If a neuroscientist can recreate a mystical experience by stimulating my brain, does that prove all mystical experiences are illusory?

2006-09-13 12:23:17 · 20 answers · asked by Anonymous in Society & Culture Religion & Spirituality

20 answers

yes

2006-09-13 12:25:11 · answer #1 · answered by ? 7 · 2 1

I think you're getting at the limits of experience/knowledge. Supposedly, when someone has a deep enlightenment experience, they literally experience themselves as something other than this brain/body/personality. But then... WHAT experiences it and WHAT is the experience? That's a Zen koan in and of itself. If the experience is somehow related to something where we literally are the whole universe, then is 'that' experiencing it and/or is the experience realized in the brain? At the very least, the brain at least records it so ... it somehow gets involved, even when the supposedly illusory self is seen for what it is. But maybe that whole stuff from the famous Zen master Dogen about the absolute and the relative comes into play - I assume that if the whole universe is just one thing then, of course, any part of it is also just IT (and if the part has a mechanism for recording the experience then it will). I think that no matter what we do, we're mired in concepts and 'what ifs', the same as religion. The only way to resolve any of this is to cultivate the direct experience under the guidance of someone who has gone thru it (in order to avoid pitfalls and misinterpretations).

2006-09-13 12:35:16 · answer #2 · answered by Anonymous · 0 1

The Eiffel Tower actually exists. It's near the Arc de Triomphe in Paris. I've seen it myself.

It exists independently of the achievements of neuroscientists.

All mystical experiences except for inventions the solutions to riddles (such as Kekule and the benzene ring) appear to be illusions. or if you will, the only mystical experiences that aren't hallucinations are ones that can manufacture a new product or be demonstrated in a scientific laboratory.

2006-09-13 12:30:38 · answer #3 · answered by urbancoyote 7 · 1 1

can a neuroscientist recreate your experiance of seeing the Eiffel Tower?

2006-09-13 12:27:11 · answer #4 · answered by Anonymous · 1 0

Good try, but the eiffel tower is verified by millions of french. Just ask one of them. Now if you said do the voices in my head exist, a doctor can put the voices in your head too. Then you would be on to something.

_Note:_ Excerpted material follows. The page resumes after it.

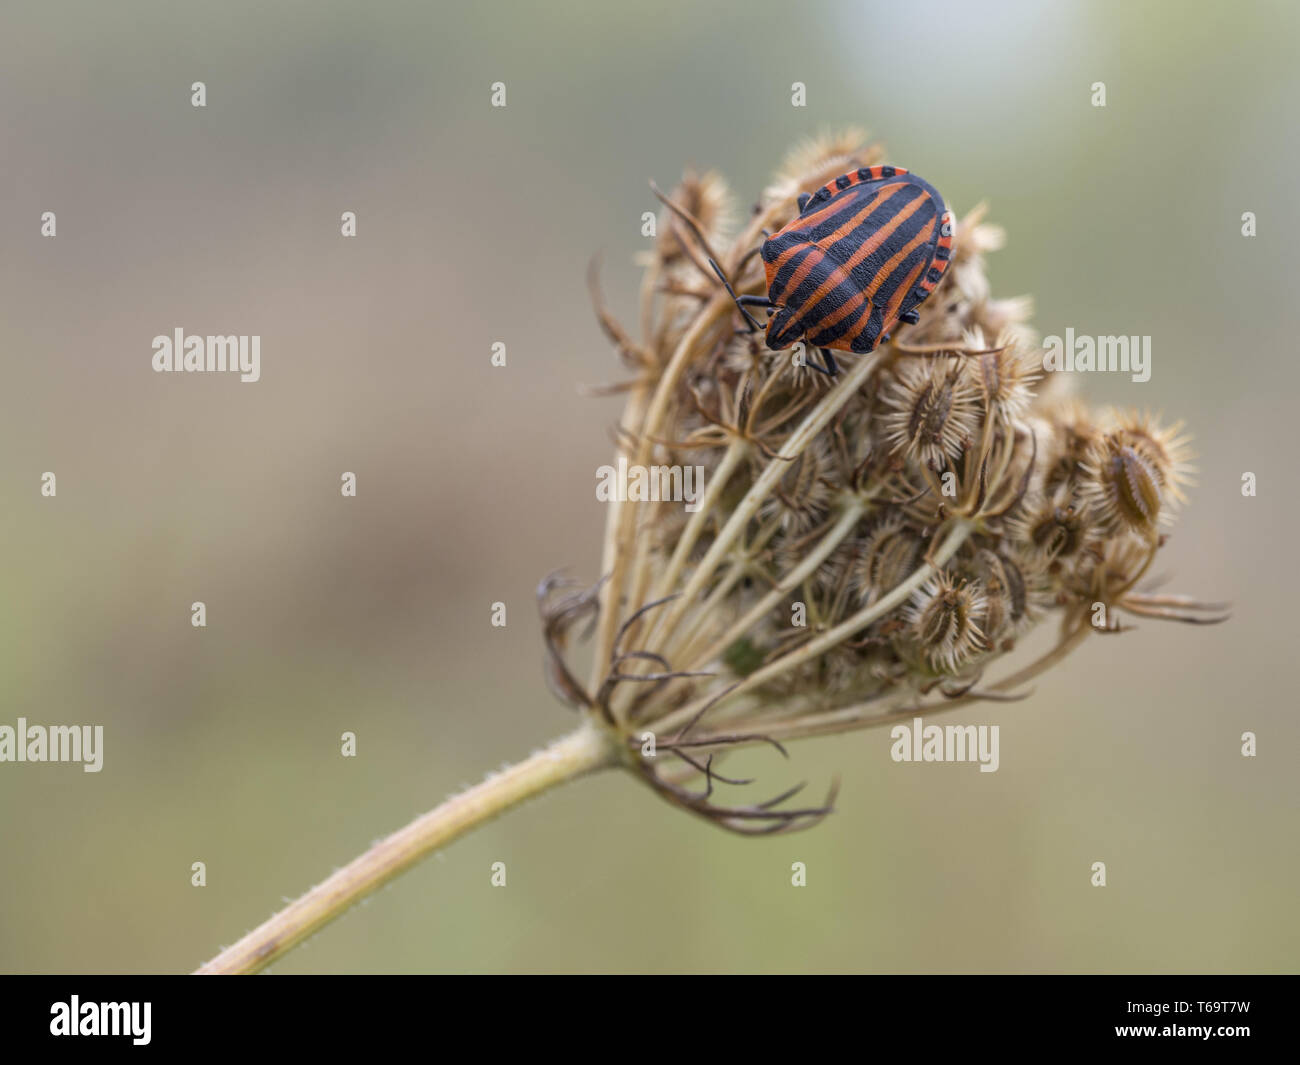 Striped-Bug on a plant, Graphosoma lineatum Stock Photo

2006-09-13 12:28:44 · answer #5 · answered by Rob 4 · 1 1

No. Don't confuse a lack of absolute reality for the lack of any reality. Reality is constituted through various kinds of communication: language gives it its very structure.

That said, just becuase an ideoreality is a reality doesn't mean that that perspective is of equal value to another- some perceptions are better thought through than others. And an assessment and comparison of these figurative systems is necessary for the existence of realities in the first place: realities are acts of predication that are responses to consciousness of other possibilities for ordering the world.

2006-09-13 12:28:34 · answer #6 · answered by Jim 5 · 0 1

Yes Will, there is an Eiffel Tower but no Santa.

2006-09-13 12:25:16 · answer #7 · answered by retrodragonfly 7 · 2 0

ummm..... i don't know about a neuroscientist part but the eiffel tower does exist in reality

2006-09-13 12:25:46 · answer #8 · answered by skateme 3 · 0 2

recreating something that exist in reality is something entirely different to creating an experience that can not be proven in the physical realm. What point are you trying to make?

2006-09-13 12:26:36 · answer #9 · answered by Anonymous · 0 2

Yes,it does exist. I have been there and seen it. As to your other questions, I don't know. It hurts my brain too much...lol

2006-09-13 12:31:15 · answer #10 · answered by altruistic 6 · 1 1

If it doesn't exist, then I was standing on air for a few hours, and that's no good.